IUI '08: Multimodal Chinese text entry with speech and keypad on mobile devices

Yingying Jiang Chinese Academy of Sciences, Beijing, China
Xugang Wang Chinese Academy of Sciences, Beijing, China and Ministry of information Industry Software and Integrated Circuit Promotion Center
Feng Tian Chinese Academy of Sciences, Beijing, China
Xiang Ao Ministry of information Industry Software and Integrated Circuit Promotion Center
Guozhong Dai Chinese Academy of Sciences, Beijing, China
Hongan Wang Chinese Academy of Sciences, Beijing, China

In this paper Jiang et. al. created a multimodal text entry system that uses both keypad and speech entry to reduce the amount of key-presses, time to enter the characters, and number of resulting possible characters to choose from when using a mobile device.
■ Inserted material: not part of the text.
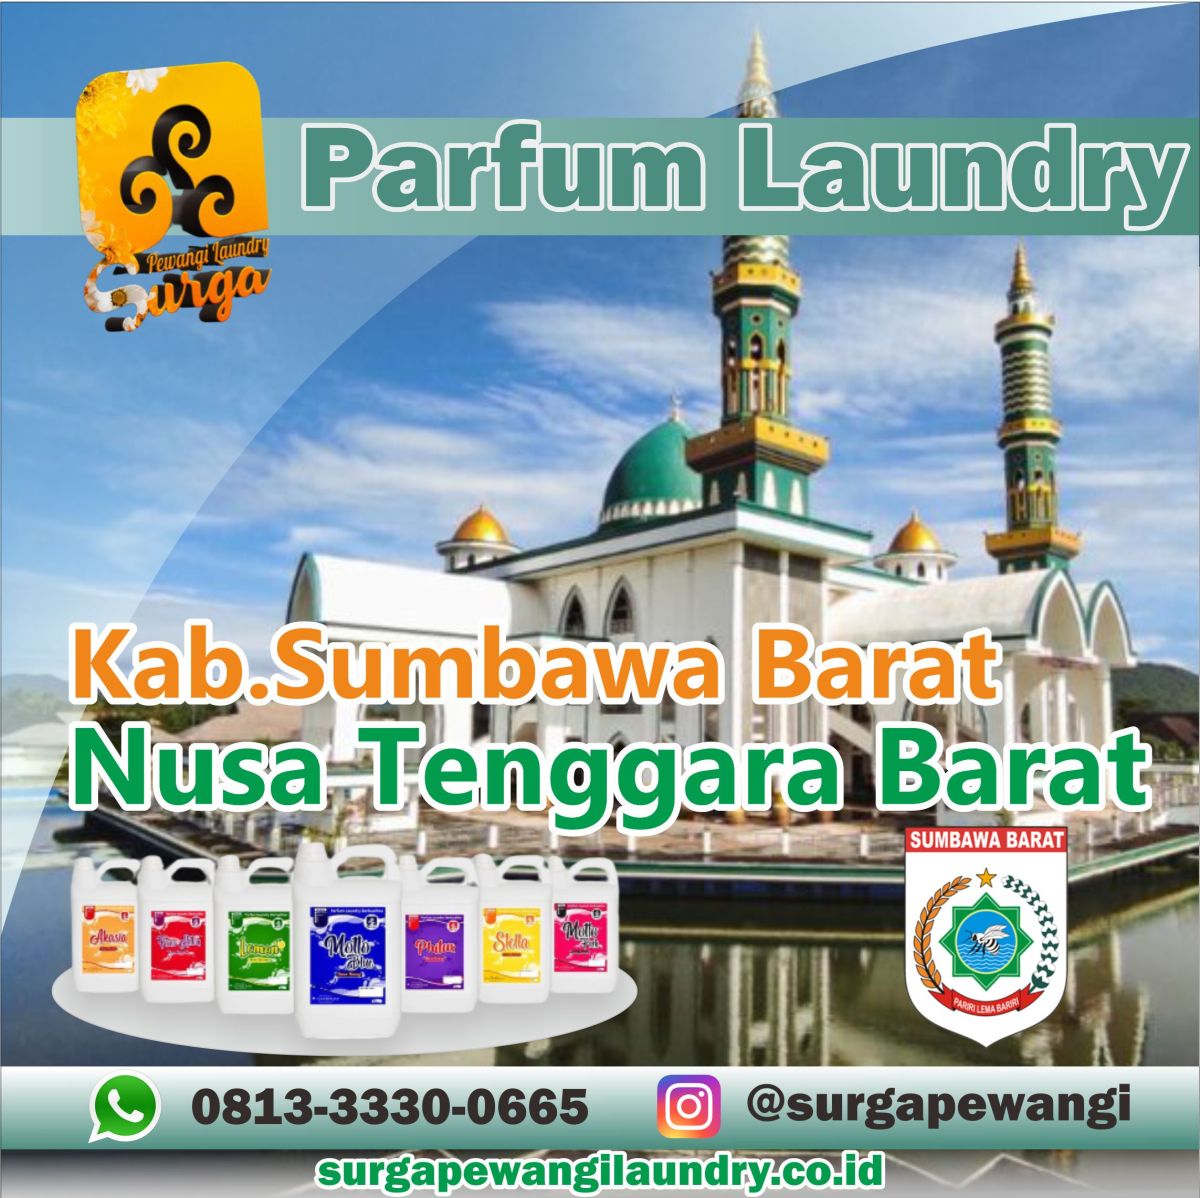 Parfum Laundry Kabupaten Sumbawa Barat, Nusa Tenggara Barat

Jiang et. al. identify the problem of chinese text entry on mobile keypads as slow and arduous and set out to improve the input method for these characters. The current method is called T9 in which roman phonetic characters (pinyin) corresponding to the sound of the chinese characters are input and then the desired characters are selected from a list of homophones. However this is slow and arduous so the Jiang et. al. proposed a method called "Jianpin" where the initial sound of the each chinese character the user wants is input via keyboard while the user simultaneously says the word they wish to enter.

For example, if the user wants to enter "wang luo" 网络 (network) into a mobile phone using Jianpin, the user presses "95" which corresponds to "w.l" while saying "wang luo" then the user selects 网络 from several other homophones.

Here is an overview of the input method:

A user study was run with 4 college students where 50 words were inputted in both the T9 method and the "Jianpin" method. They measured the number of key presses it took to complete the 50 words with each method. The results are as follows:

My spill:
The Jianpin input system sounds like a great way to reduce ambiguity in the selection set as well as speed up input.
My only bone to pick is that the input scheme requires voice input. I can imagine being on a crowded street in china with hundreds of Chinese entering voice input into their cell phones just so they can text.
It's just more noise pollution that way.
If they can make a faster system without voice input, I'll be impressed.

Knowing Japanese, I was really interested in how the Chinese entered text since they don't have a phonetic system like the Japanese. In the end, it really isn't all that different.